I felt my face get hot, which made her chuckle. I had grown. I was now five-nine and weighed 140 pounds. I was just sitting back down when Doc Hollis came in.
“Hey, Jeremy, what happened?” he asked.
“Glenda,” was my one-word answer.
He just nodded and then checked out my wounds.
“It looks like you need some stitches and your collarbone is broken. Shirley will get you a sling for your arm. I’ll send in Doctor Wesley to do the sutures. I think he has some catgut that we can do a zigzag design so you have a big scar when you heal. How does that sound?” he asked.
I rolled my eyes at him. Doc thought that he was funny. He messed up my hair and left. Doctor Wesley came in and he was new. He looked like he was about my age. I looked at Shirley and she just smiled at me.
“So what happened to you?” he asked.
“Glenda,” was my one-word answer.
He gave me a funny look and then just shrugged. Someone might want to warn him about my sister.
Shirley prepared a needle and handed to Doctor Wesley.
“So tell me about craigslist?” he asked Shirley as he began to poke me with the needle around the wounds he was going to sew up.
“You can sell anything on it. My cousin actually sold kittens!” she said.
“No way,” I said, knowing that no one would ever make any money selling kittens.
“I know, right?” Shirley said.
“I just bought the old Wilson place and there is a ton of junk. You’re telling me I can sell anything on this website?” he asked.

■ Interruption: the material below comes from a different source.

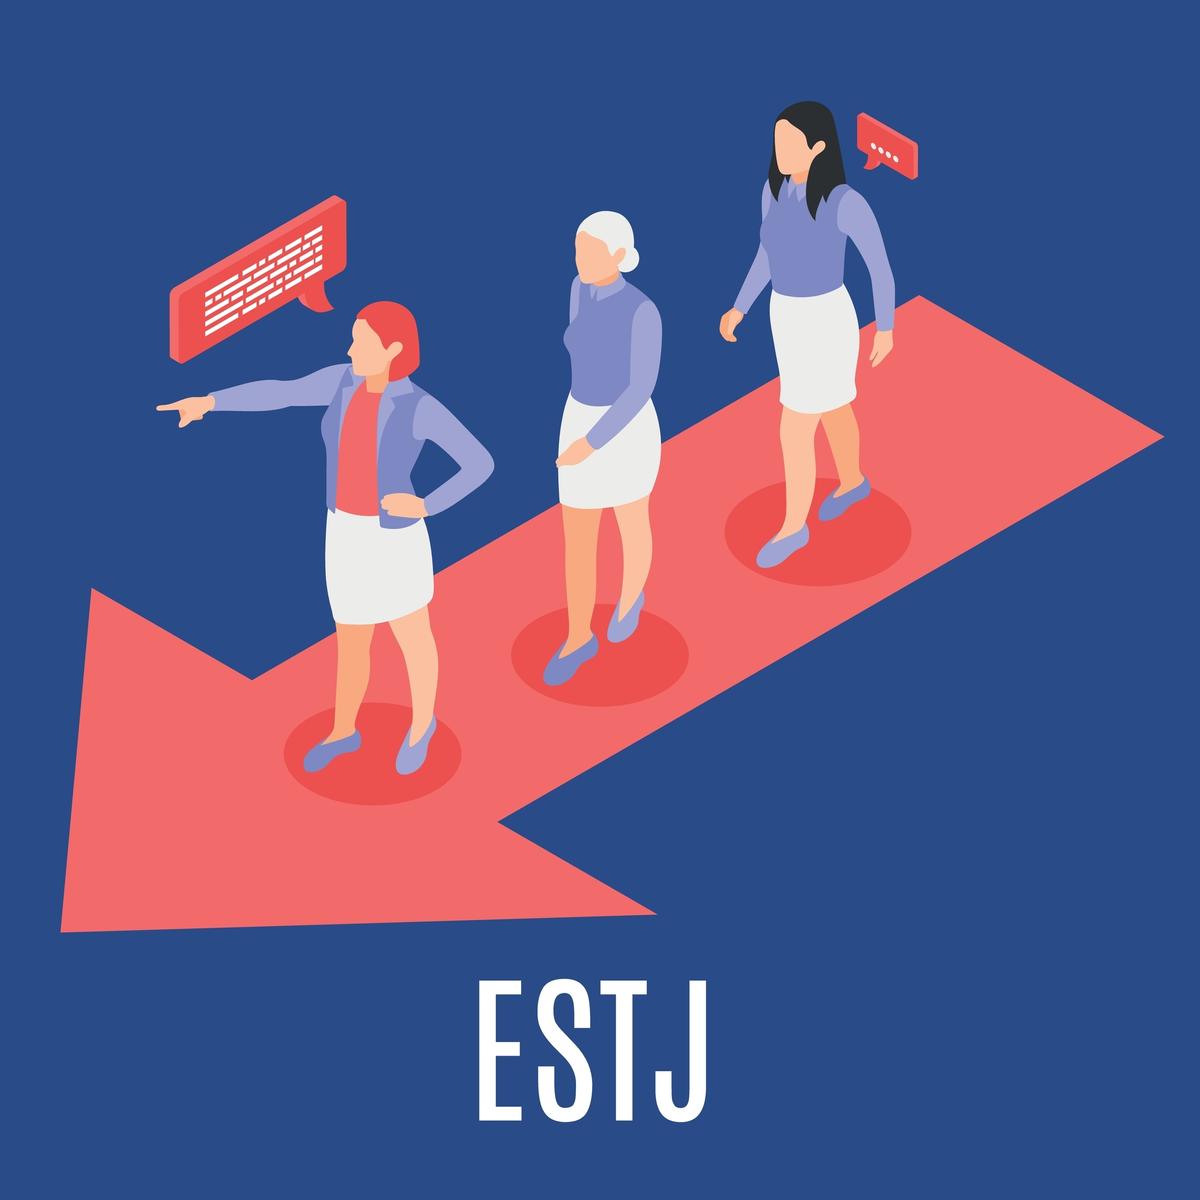 Khả năng lãnh đạo và khéo léo chỉ đạo là điểm mạnh của ESTJ.

“That is what my cousin says. You just post it on craigslist and tell them how much you want. They bring you cash and your problems go away,” Shirley said.
“Seriously, you can sell anything on this site?” I asked.
“My cousin says that if you have good pictures and write something catchy you can even sell kittens,” Shirley said, making me wonder.
Could it be true? I had my doubts, because everyone knew kittens were free. But what if it was? I could get rich selling cats. There had to be ten feral cats on my block alone. All I had to do was catch them. I would have to go to SamorTim’s house, because they had internet. Their dad had put some blocks on their access ever since I found naughty pictures, but I figured craigslist probably wasn’t blocked.
“Did your cousin give you any tips on how to sell things,” he asked as he began to stitch me up.
“He said to be creative in your ad, but not to lie. You want someone to buy what you are selling, not be pissed off when they find out you are selling a bunch of crap,” Shirley shared.
That didn’t sound good. If I had to tell the truth about the cats, then who would want to buy them? I would have to think on that.